I_{i}^{\prime}(t_{e},t_{r})=\frac{I_{i}-I_{i-1}(e^{-\frac{t_{r,i-1}}{\tau_{c}}})}{(1-e^{-\frac{t_{e,i}}{\tau_{h}}})}

(5)

where $I_{i-1}$ and $I_{i}$ are two continuous frame, $t_{r,i-1}$ is the readout time in the previous frame $i-1$ , and $t_{e,i}$ is the exposure time of the current frame $i$ .

By combining the heating model and cooling model, the irradiance, or the temperature of the measured scene point, can be more accurately reflected by the stable pixel value $I^{\prime}_{i}$ .

In the remainder of this paper, $I_{i}$ will always refer to the photometrically corrected image $I^{\prime}_{i}$ , except where otherwise stated.

3.4 IR Sensor-Based Structure From Motion (SfM)

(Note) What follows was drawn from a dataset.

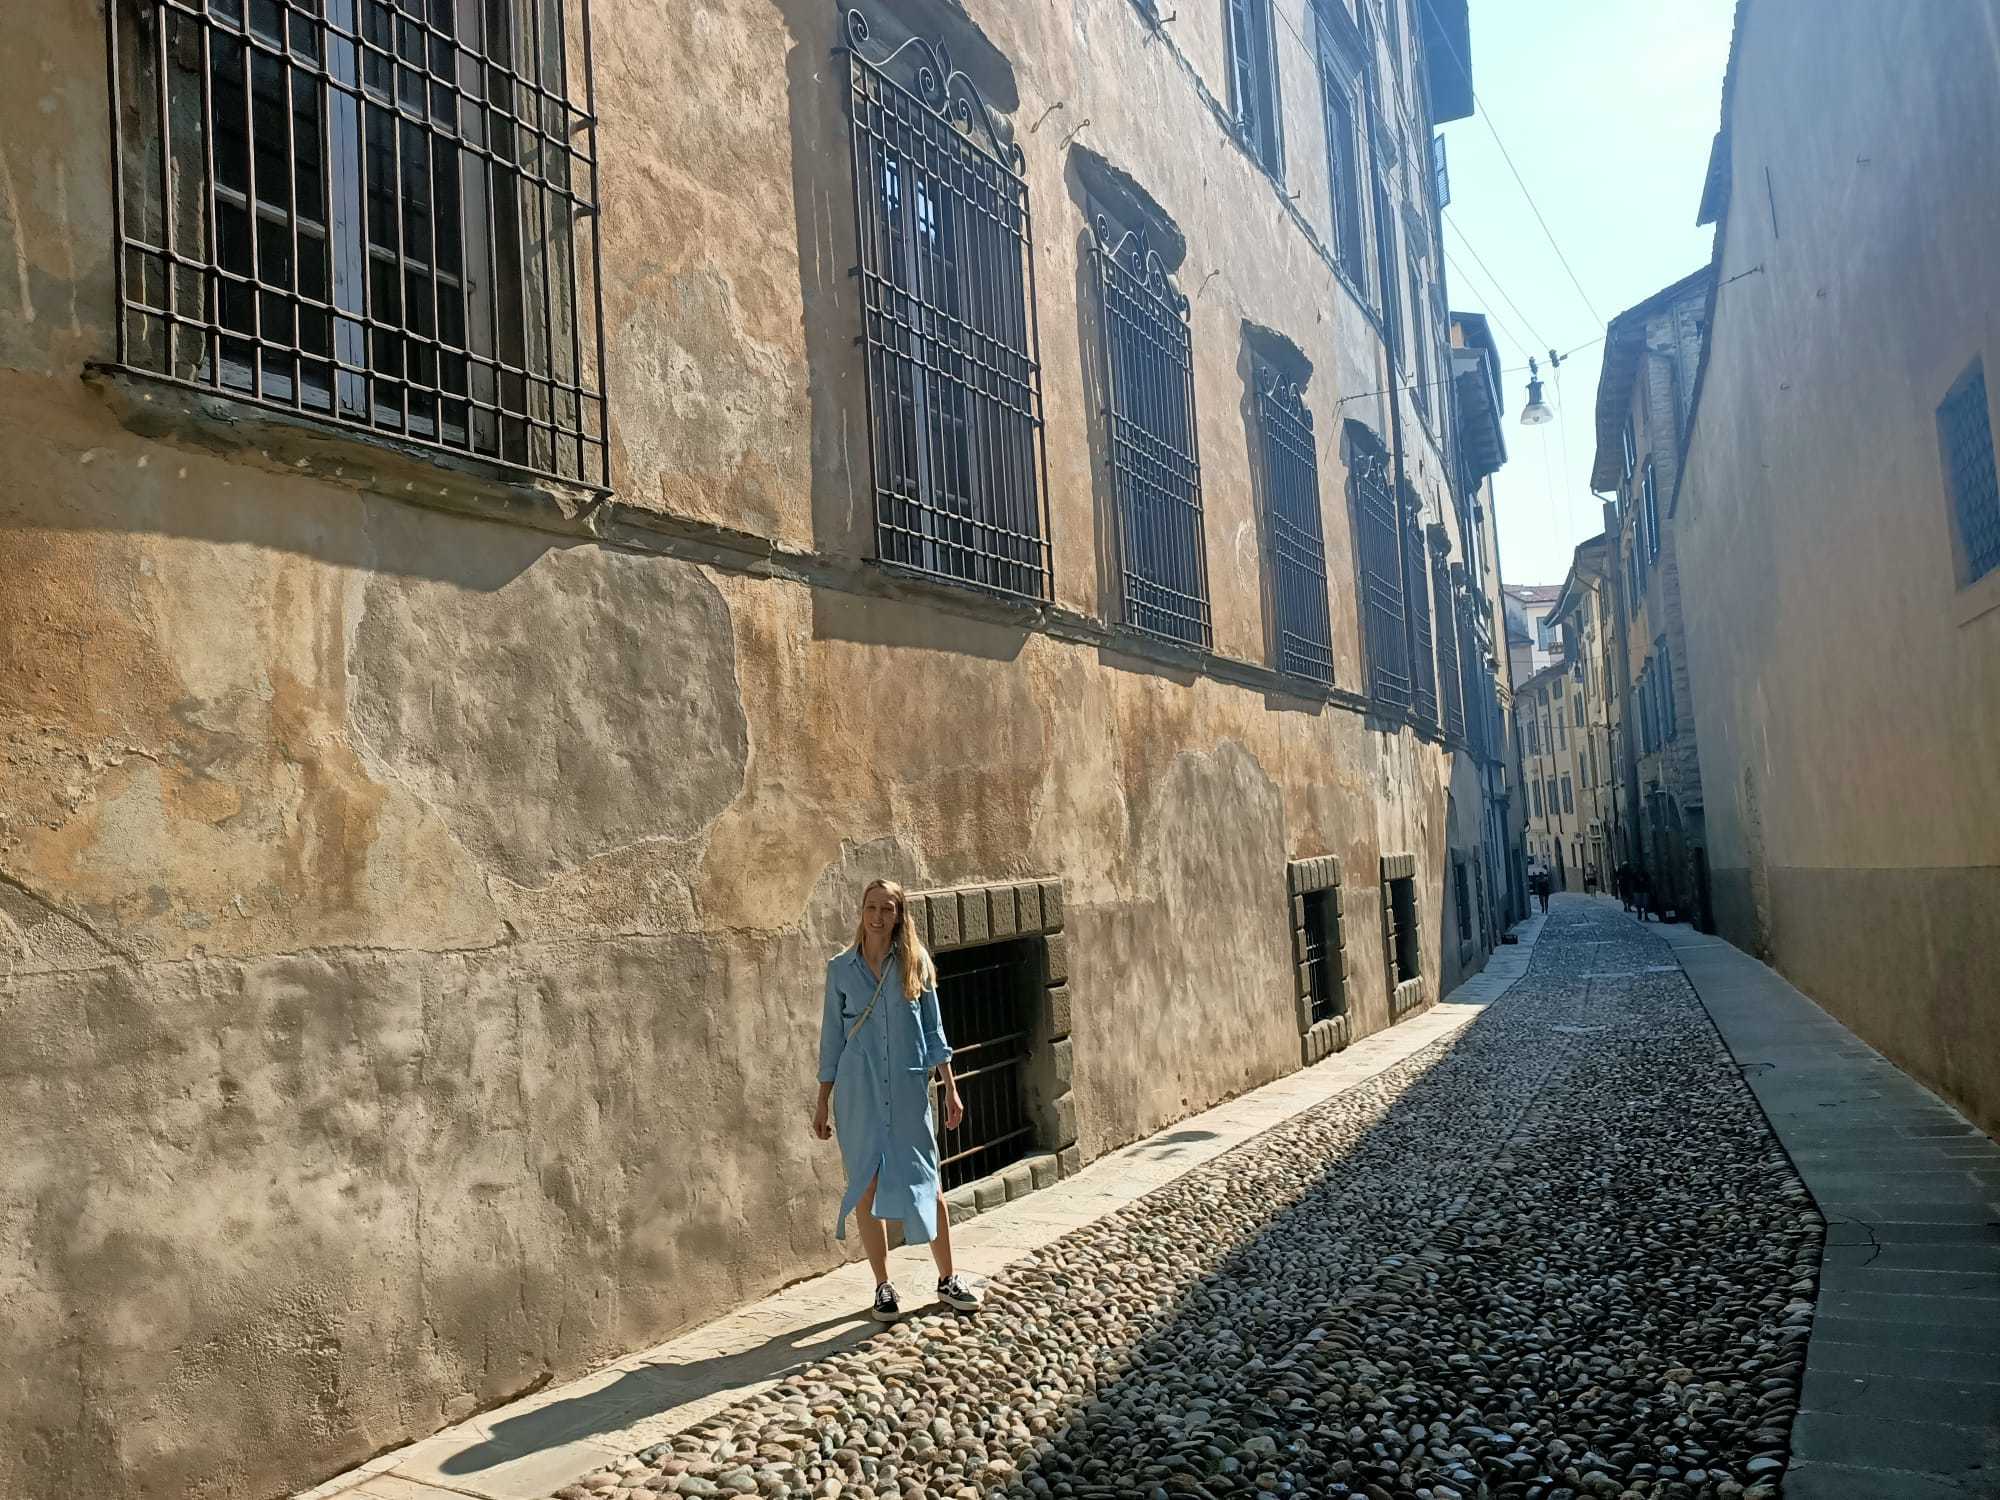 Sara Benaglia in front of one of the walls of Domus Magna, where Base Arte Contemporanea Odierna is located. Photo: Gabriëlle Schleijpen, Bergamo, September 2020.

In DSO the authors develop advanced photometric correction models for both camera lens and RGB pixel sensing compensation. This is coupled with camera calibration data to perform highly-accurate SfM at real-time rates with impressive 3D structure reconstruction results. To leverage such a system and apply it to infrared sensors, the brightness transfer model used for RGB sensors in DSO is replaced by our infrared sensor photometric correction model with the following modifications in the SfM algorithm.

•

Added a time history (previous sensed values) to tracked pixels.
•

Modified the optimization approach to use the derivatives and Hessian of our photometric correction model.

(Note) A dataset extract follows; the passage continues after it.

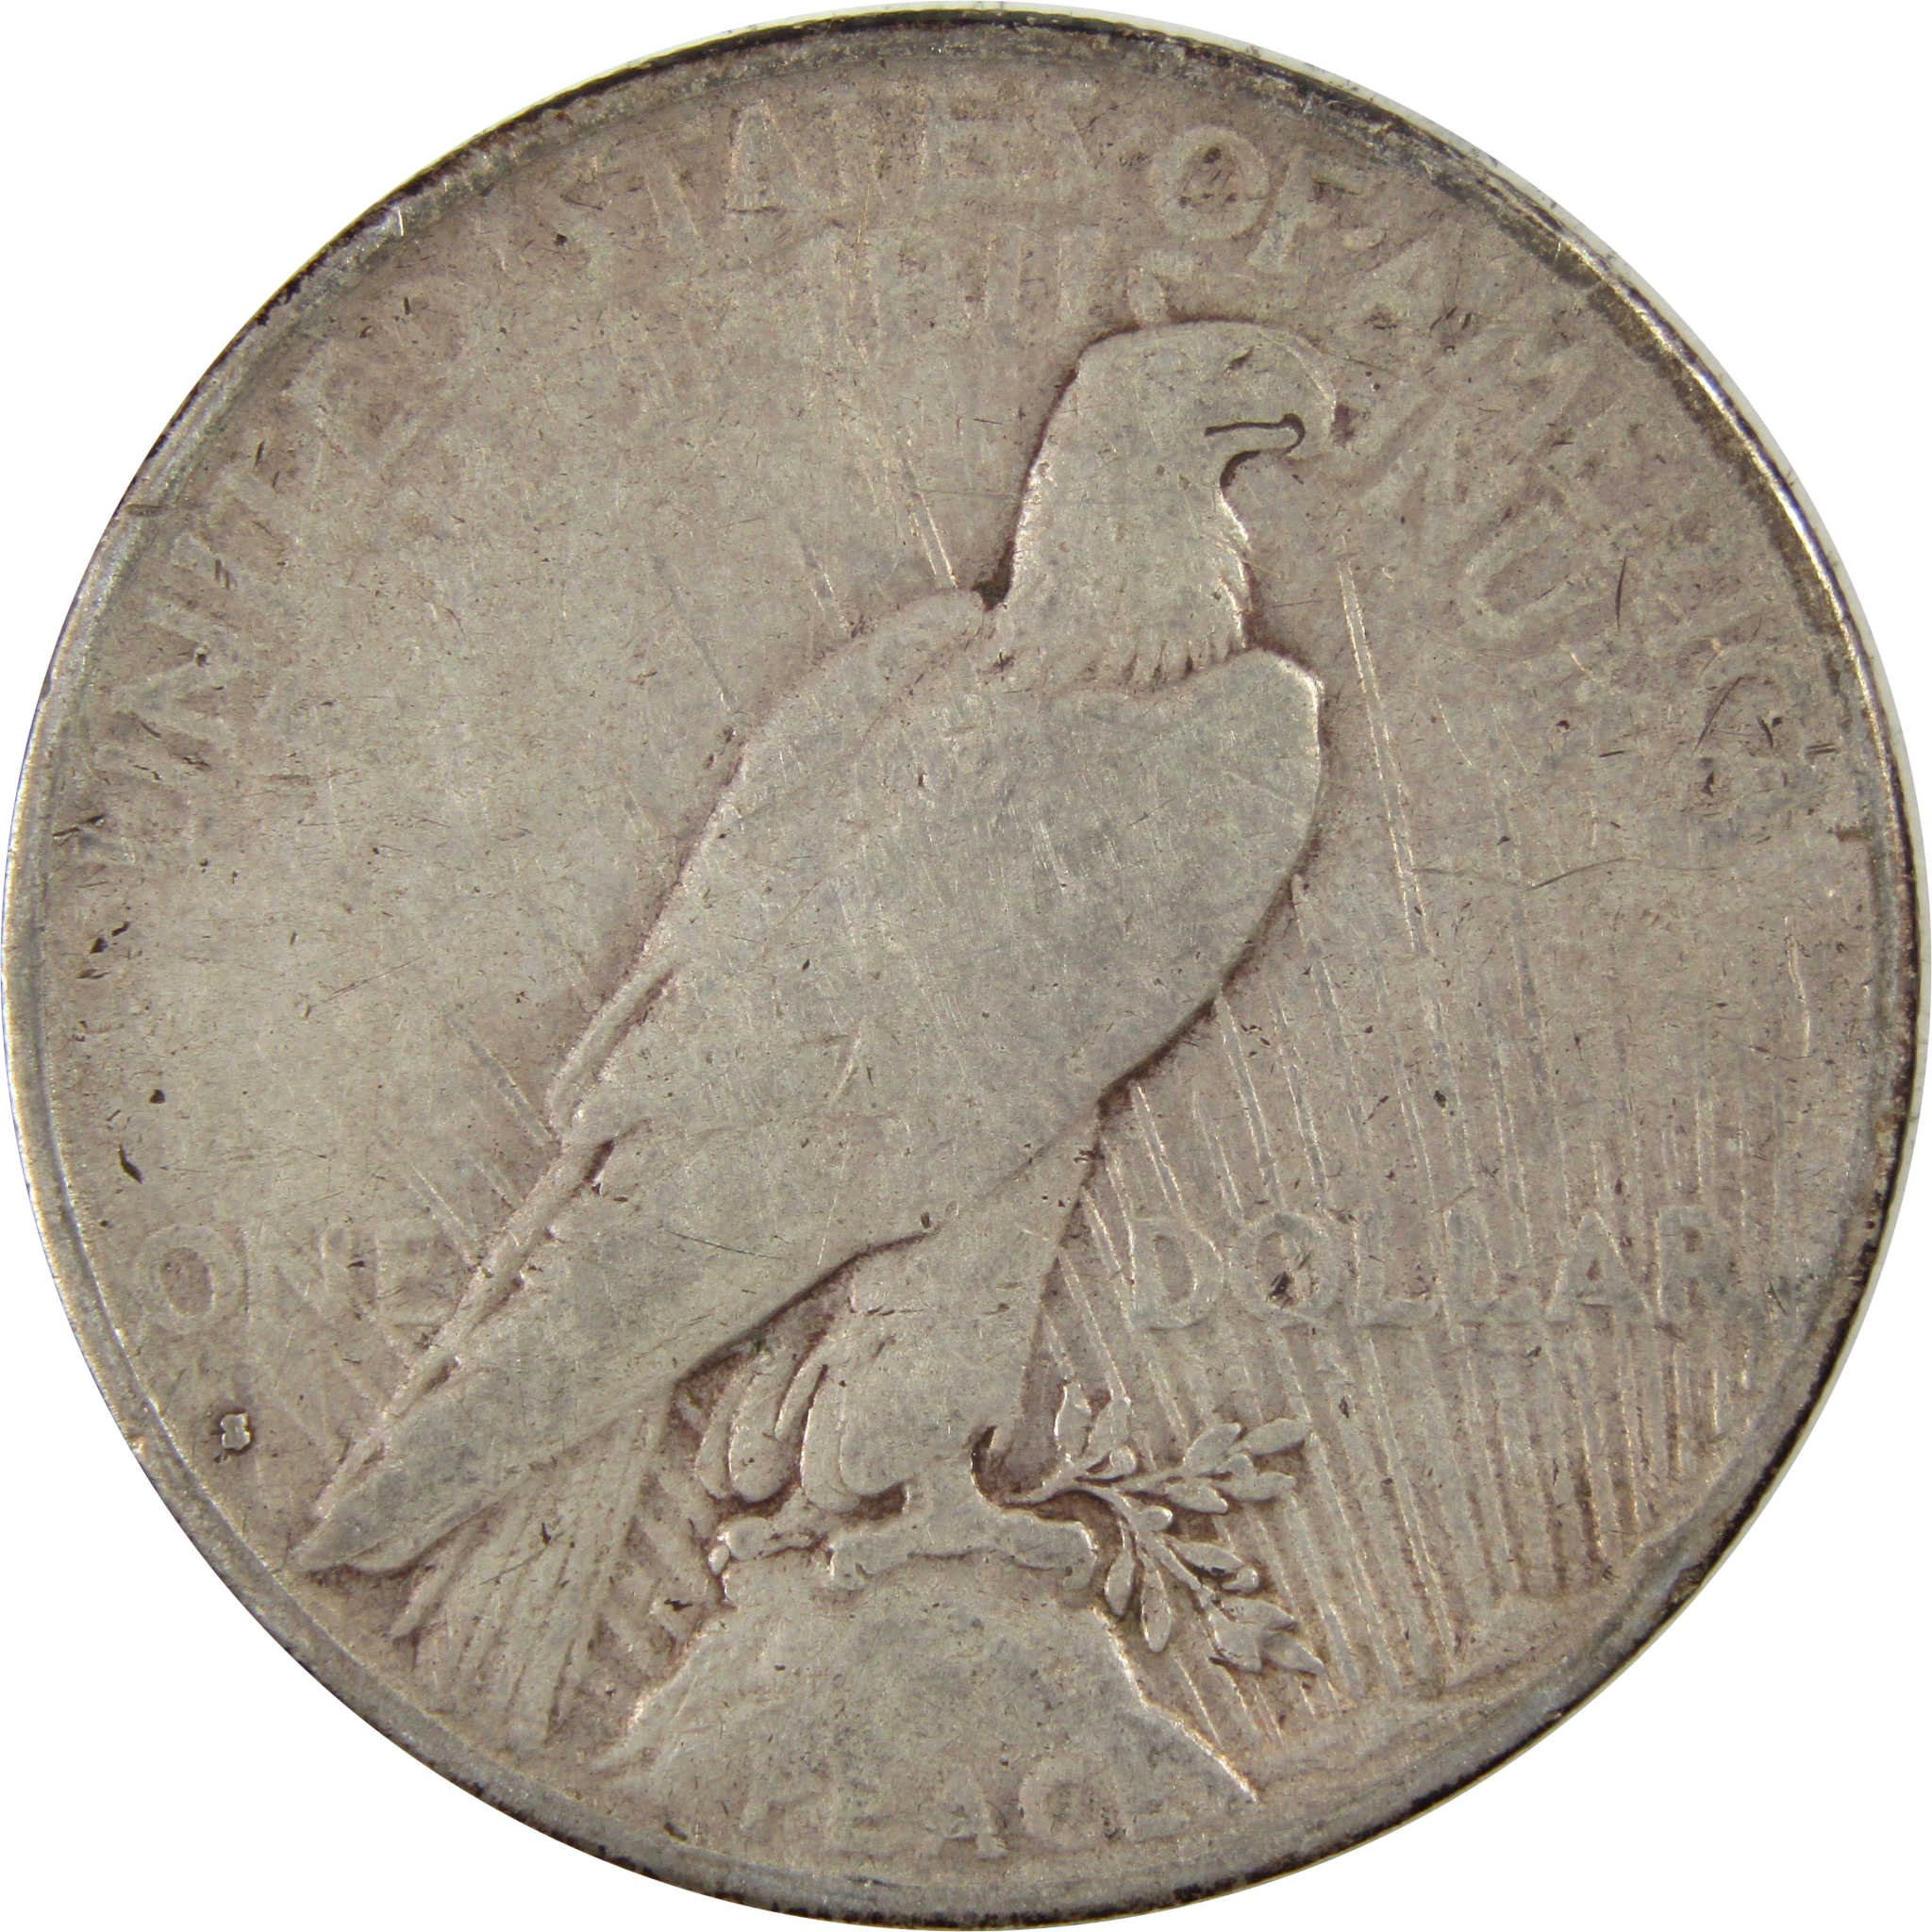 1934 S Peace Dollar VG Very Good 90% Silver $1 Coin SKU:I7851

To reconstruct a 3D scene from infrared images using structure from motion, a map is computed to associate two pixels in different frames that both correspond to the same 3D scene point. The photometric error between them is defined in a similar way as [9]. For a point, $\mathbf{p}$ in reference frame $I_{i}$ , observed in target frame $I_{j}$ , the photometric error, given by Eq. 6, is formulated as the weighted Sum of Squared Differences (SSD) over a small neighborhood of pixels.

\begin{gathered}E_{\mathbf{p}j}:=\sum_{\mathbf{p}\in\mathcal{N}_{\mathbf{p}}}w_{\mathbf{p}}\|I_{j}\left[\mathbf{p}^{\prime}\right]-I_{j,o}[\mathbf{p}^{\prime}]-\beta(I_{i}[\mathbf{p}]-I_{i,o}[\mathbf{p}^{\prime}])\|_{\gamma}\\ I_{j,o}[\mathbf{p}^{\prime}]=e^{-\frac{t_{r,j-1}}{\tau_{c}}}\cdot I_{j-1}[\mathbf{p}^{\prime}]\\ I_{i,o}[\mathbf{p}^{\prime}]=e^{-\frac{t_{r,i-1}}{\tau_{c}}}\cdot I_{i-1}[\mathbf{p}^{\prime}]\\ \beta=\frac{1-e^{-\frac{t_{e,j}}{\tau_{h}}}}{1-e^{-\frac{t_{e,i}}{\tau_{h}}}}\end{gathered}

(6)

where $\mathcal{N}_{\mathbf{p}}$ is the set of pixels in the SSD, and $\|\cdot\|_{\gamma}$ is the Huber norm. In addition to using robust Huber penalties, a gradient-dependent weighting $w_{\mathbf{p}}$ [9] is applied.

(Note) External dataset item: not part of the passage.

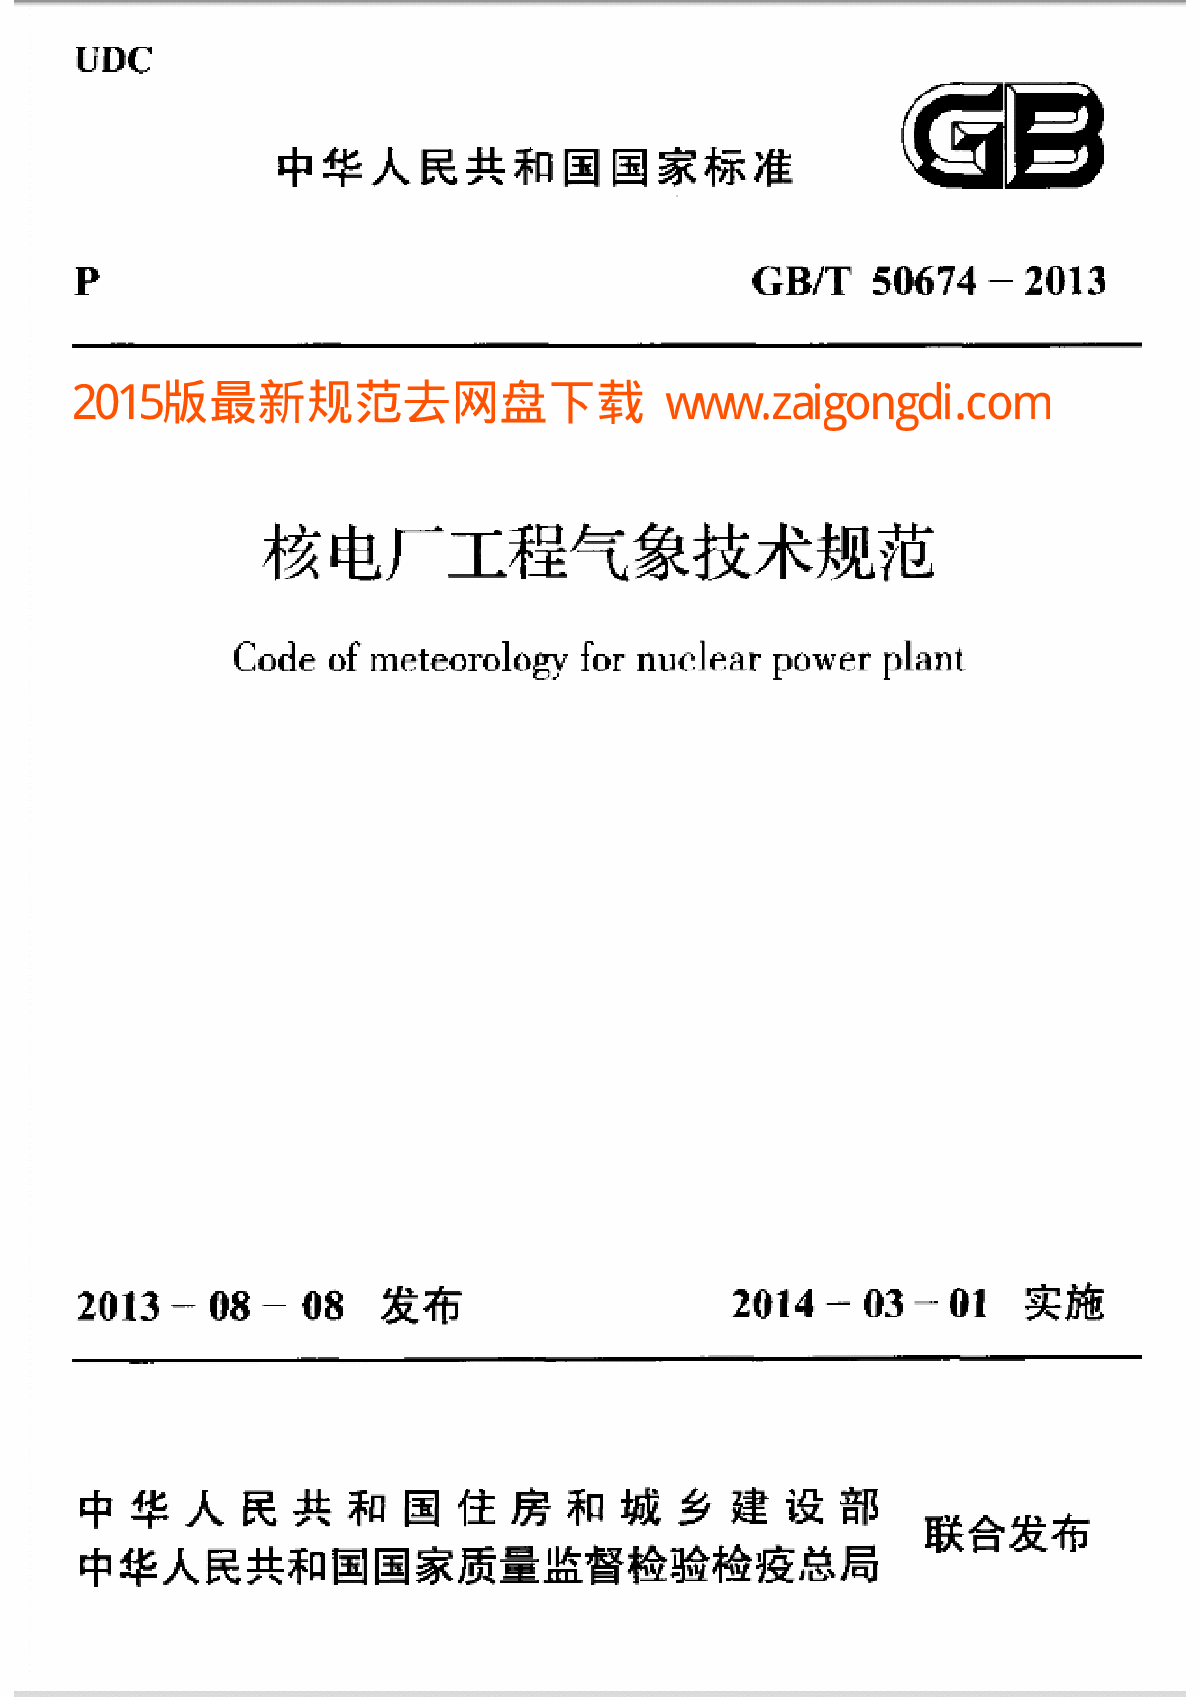 GBT 50674-2013 核电厂工程气象技术规范

To minimize the photometric error between the corresponding points in two frames, the optimizer then optimizes the heating and cooling time constants $\tau_{c}$ and $\tau_{h}$ , instead of the brightness transfer variables in DSO. The optimization is accomplished using the Gauss-Newton algorithm in a sliding window [21].

4 Experiments and Results

In this section, the proposed photometric model for infrared sensors is evaluated on two datasets, the FLIR ADAS Dataset v1.3 [27] and the BU-TIV dataset [30]. Both datasets contain RGB and thermal images for the same scene. The FLIR dataset contains a video sequence of cameras mounted on a vehicle moving in an area during nighttime while the BU-TIV dataset contains a video sequence of a daytime street scene recorded by stationary cameras. The experimental results are obtained on a 32-core Intel Xeon Silver 4110 CPU.

4.1 Evaluations on FLIR Dataset

The FLIR ADAS Dataset consists of a video sequence of images taken from an IR camera and an RGB camera mounted to the front of a vehicle. The dataset was acquired with an RGB and IR camera mounted on a vehicle (car) where the IR sensor was a Teledyne FLIR Tau 2 thermal camera and the RGB a Teledyne FLIR Blackfly camera. Both RGB and IR videos were recorded at 30 frames per second (fps) under generally clear conditions during the night. Experiments use a subset of the complete ADAS dataset that corresponds to a video sequence of 600 images where the vehicle drives straight down a road at night. Example images from this video sequence are shown in Fig. 2. The results are summarized in two experiments:

•

Evaluations on the reconstruction quality of the road show that our photometric correction enables DSO to track more points on IR data and improve the accuracy of reconstruction.
•

Evaluations on the camera motion show that with the proposed correction model, the trajectory is more stable and less deviated in terms of being at a certain distance away from the RGB camera trajectory.

4.1.1 Evaluation Metrics

Our photometric correction algorithm for IR pixel value correction was integrated into the code for the DSO algorithm [9] as a representation of a state-of-the-art SfM algorithm for RGB image sensors. Experiments are performed using RGB and IR image data as input to the DSO algorithm. We consider 3 outputs: (1) the SfM estimates using the input RGB images, referred to as “RGB”, (2) the SfM estimates using the input IR images without the proposed correction, referred to as “IR”, and (3) the SfM estimates using the IR input images with the proposed correction, referred to as “IR+cor”.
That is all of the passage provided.